The Ministry of Questionable Food
One of the writers I read and love is James Lileks, who wrote a book a few years back called “The Gallery of Regrettable Food” (he has highlights and new material in the ONLINE version). One of the things that Lileks does well is capturing the social relationships that make life interesting, funny, and poignant. All this, as an introduction to some of my thoughts about food, and a unique place to eat.
Farmington Steak House is an amazing place. The food is plain, and would probably give a cardiologist a coronary. But despite that, the food is served in a surprising atmosphere of love. The food may be questionable, but the service and ministry that they provide is inspiring.
The parking in downtown Farmington is all diagonal, an oddity these days, but a welcome convenience. As you pull up to the painted brick building, you see the daily specials taped to the inside of the windows.
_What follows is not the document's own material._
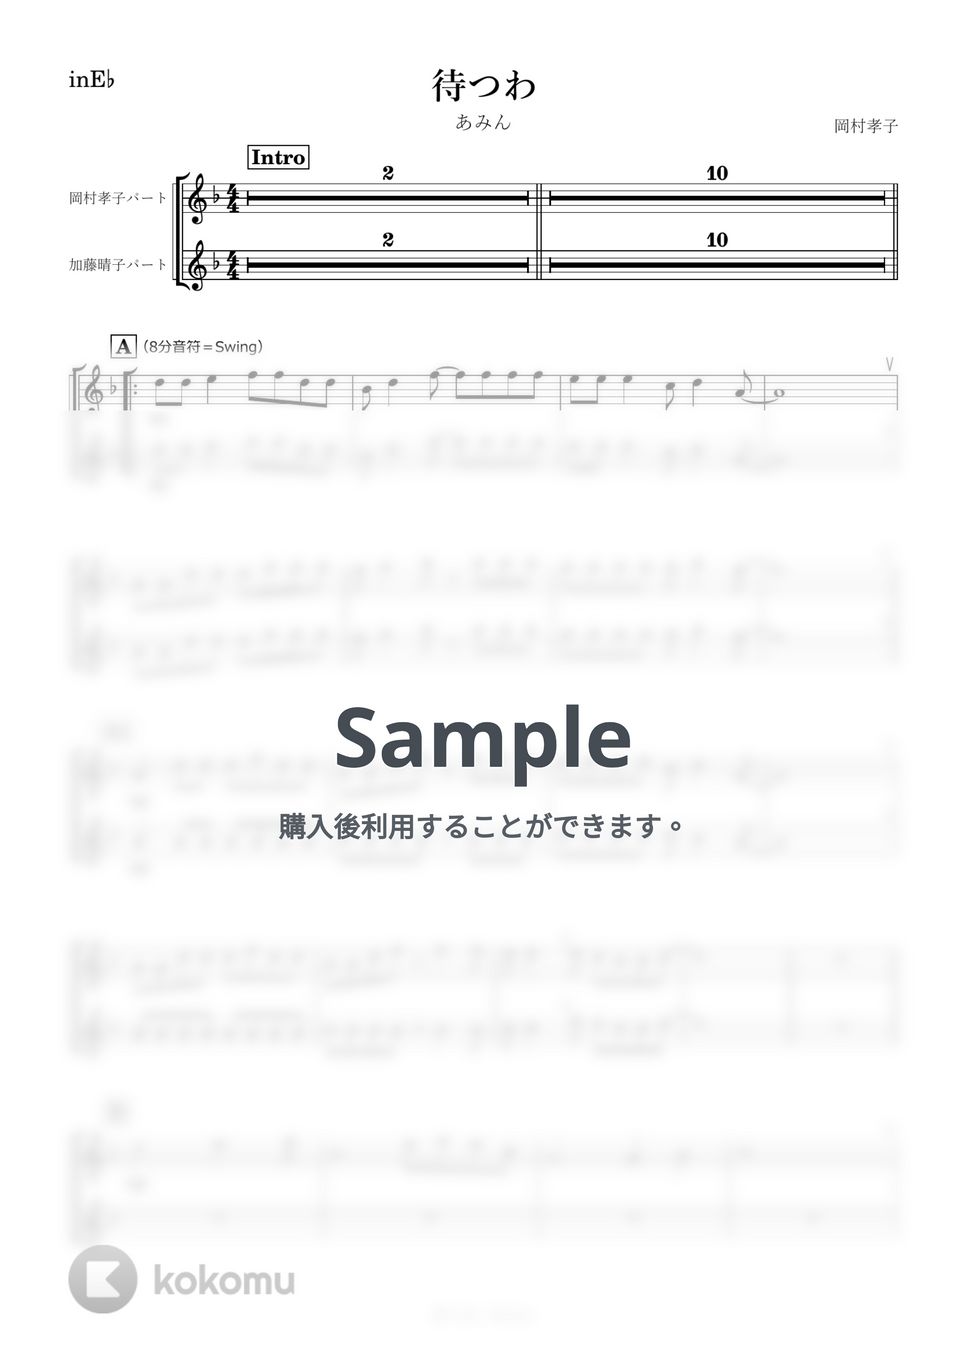 あみん - 待つわ (E♭) by kanamusic
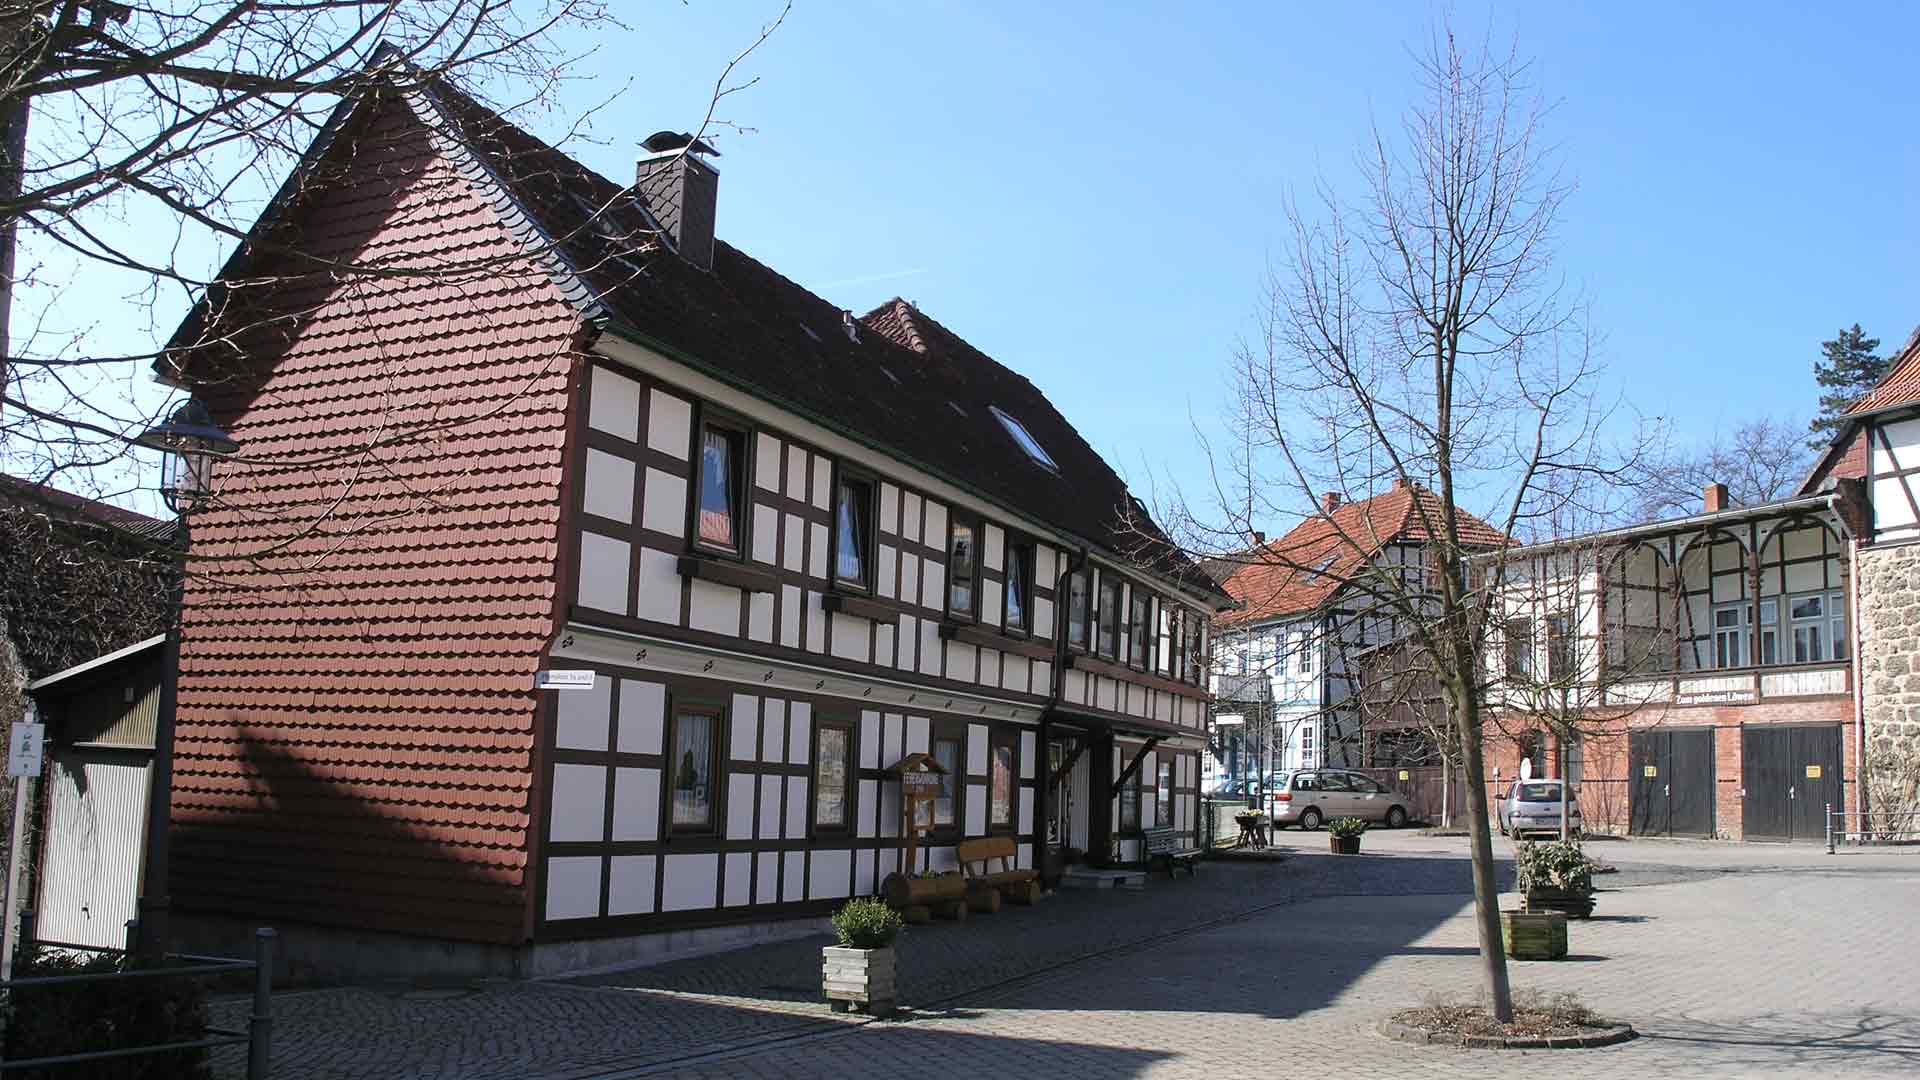 Walkenried - Altes Fachwerkhaus am Platz

Some of the signs announcing the specials have been there for years, though occasionally, the prices will change thanks to adhesive tape, index cards, and a black marker. A steakburger and and order of fries is about $2.50, so be forewardned, this is not fancy eating.
You enter the building through the front door, and find yourself inside an unlit entryway (with no windows) that is about four-feet-long. Through another door, and you are inside the restaurant proper. A long, stainless steel counter is on your left, and the seating area is directly ahead and to your right. The atmosphere is small-town diner–mostly formica. The place is clean, but no one would mistake the ambiance for elegance. The lighting is bright, mostly fluorescent, and the divider between the food line and the dining area has several of those old, 1960s vintage decorative liquor bottles.
Usually, someone greets you from behind the counter as soon as you walk in, regardless of how many people are in line. Make your way to the start of the food line, grab a tray, napkins, and silverware, and tell the nice person behind the counter what you want to eat.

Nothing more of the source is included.